Moreover, it is easy to spell and pronounce. Our earlier Weka (think mecca) machine learning workbench,
an acronym that in Māori spells the name of a flightless native bird, suffers from being
mispronounced weaka by some. And the term
Greenstone is not overly common—today we are the number one Google hit
for it. The decision to issue the software as open source, and to use the GNU
General Public Licence, was made around the same time. We did not discuss this
with University of Waikato authorities—New Zealand universities are
obsessed with commercialization and we would have been forced into an endless
round of deliberations on commercial licensing—but simply began to
release under GPL. Early releases were posted on our website greenstone.org (which was registered on 13 August 1998), but in November 2000 we
moved to the SourceForge site for distribution (partly due to the per-megabyte
charging scheme that our university levied for both outgoing and incoming web
traffic). Our employers were not particularly happy when our licensing fait
accompli became apparent years later, but have
grown to accept (and perhaps even appreciate) the status quo because of our
evident international success.
An early in-house project utilizing
Greenstone was the Niupepa collection of Māori-language newspapers. We began the
work of OCRing 20,000 page images in 1998, and made an initial demonstration
collection.
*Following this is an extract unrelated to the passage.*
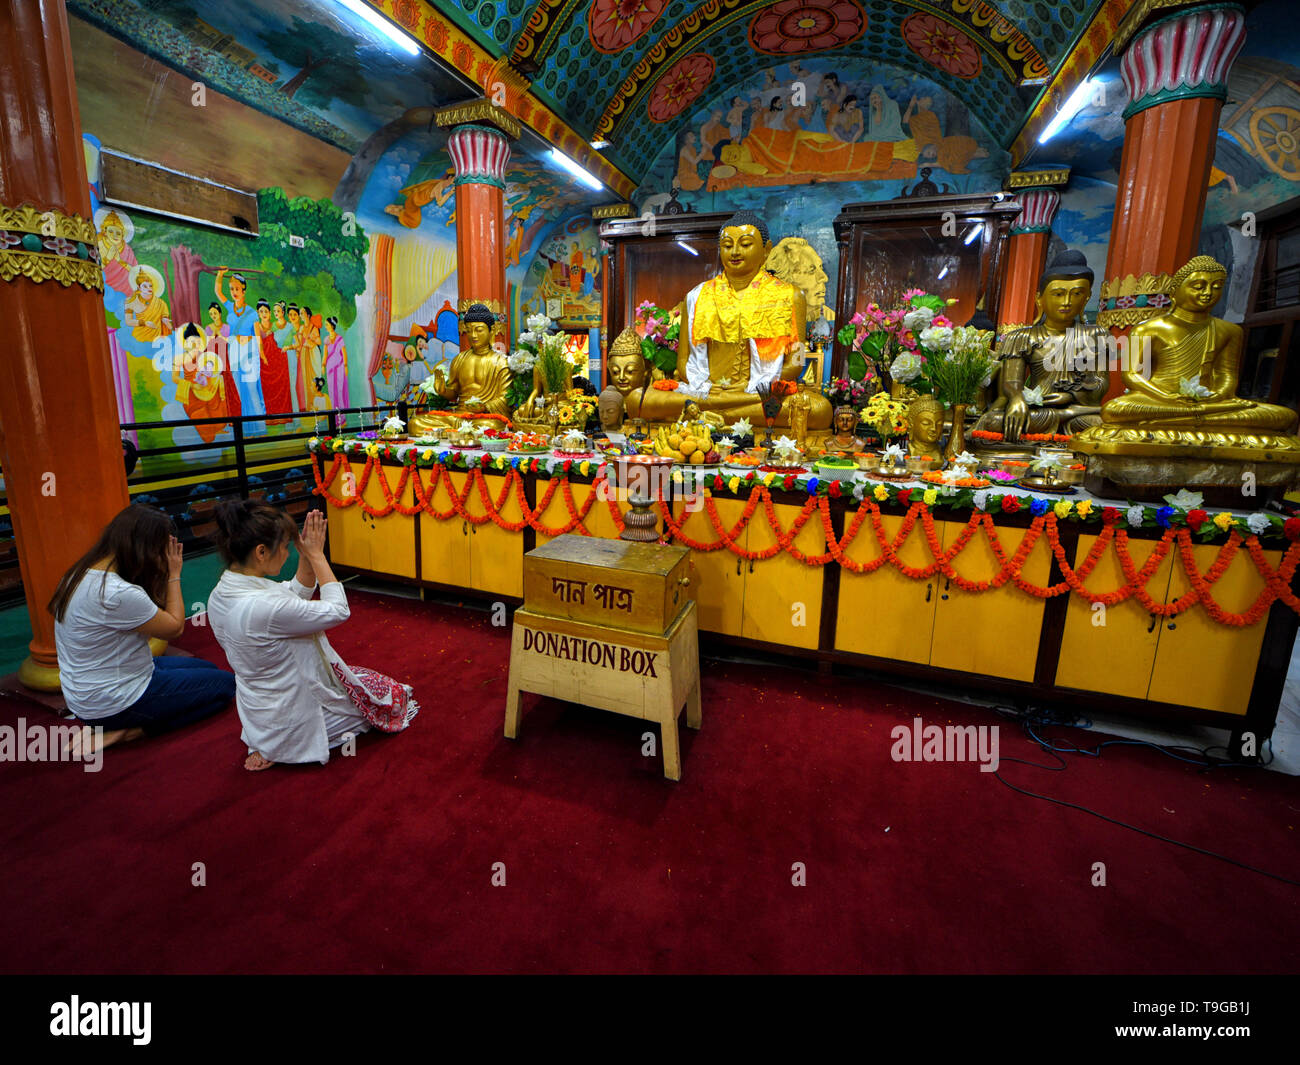 Devoti buddisti sono visti pregare davanti alla statua di Buddha Signore durante il Buddha Purnima preghiere. Il Buddha il compleanno è una vacanza tradizionalmente celebrato nella maggior parte dell Asia orientale per commemorare la nascita del Principe Siddharta Gautama o Gautama Buddha che è il fondatore del buddhismo. Foto Stock

In 2000–2001 we received (retrospective!) funding from the
Ministry of Education to continue the work. Virtually the entire Niupepa was
available online early in 2001, but the collection was not officially launched
until March 2002 at the Annual General meeting of Te Rūnanga o Ngā
Kura Kaupapa Māori (the controlling body of Māori medium/theology
schools). Niupepa is still the largest collection of on-line Māori-language
documents, and is extensively used; Apperley et al.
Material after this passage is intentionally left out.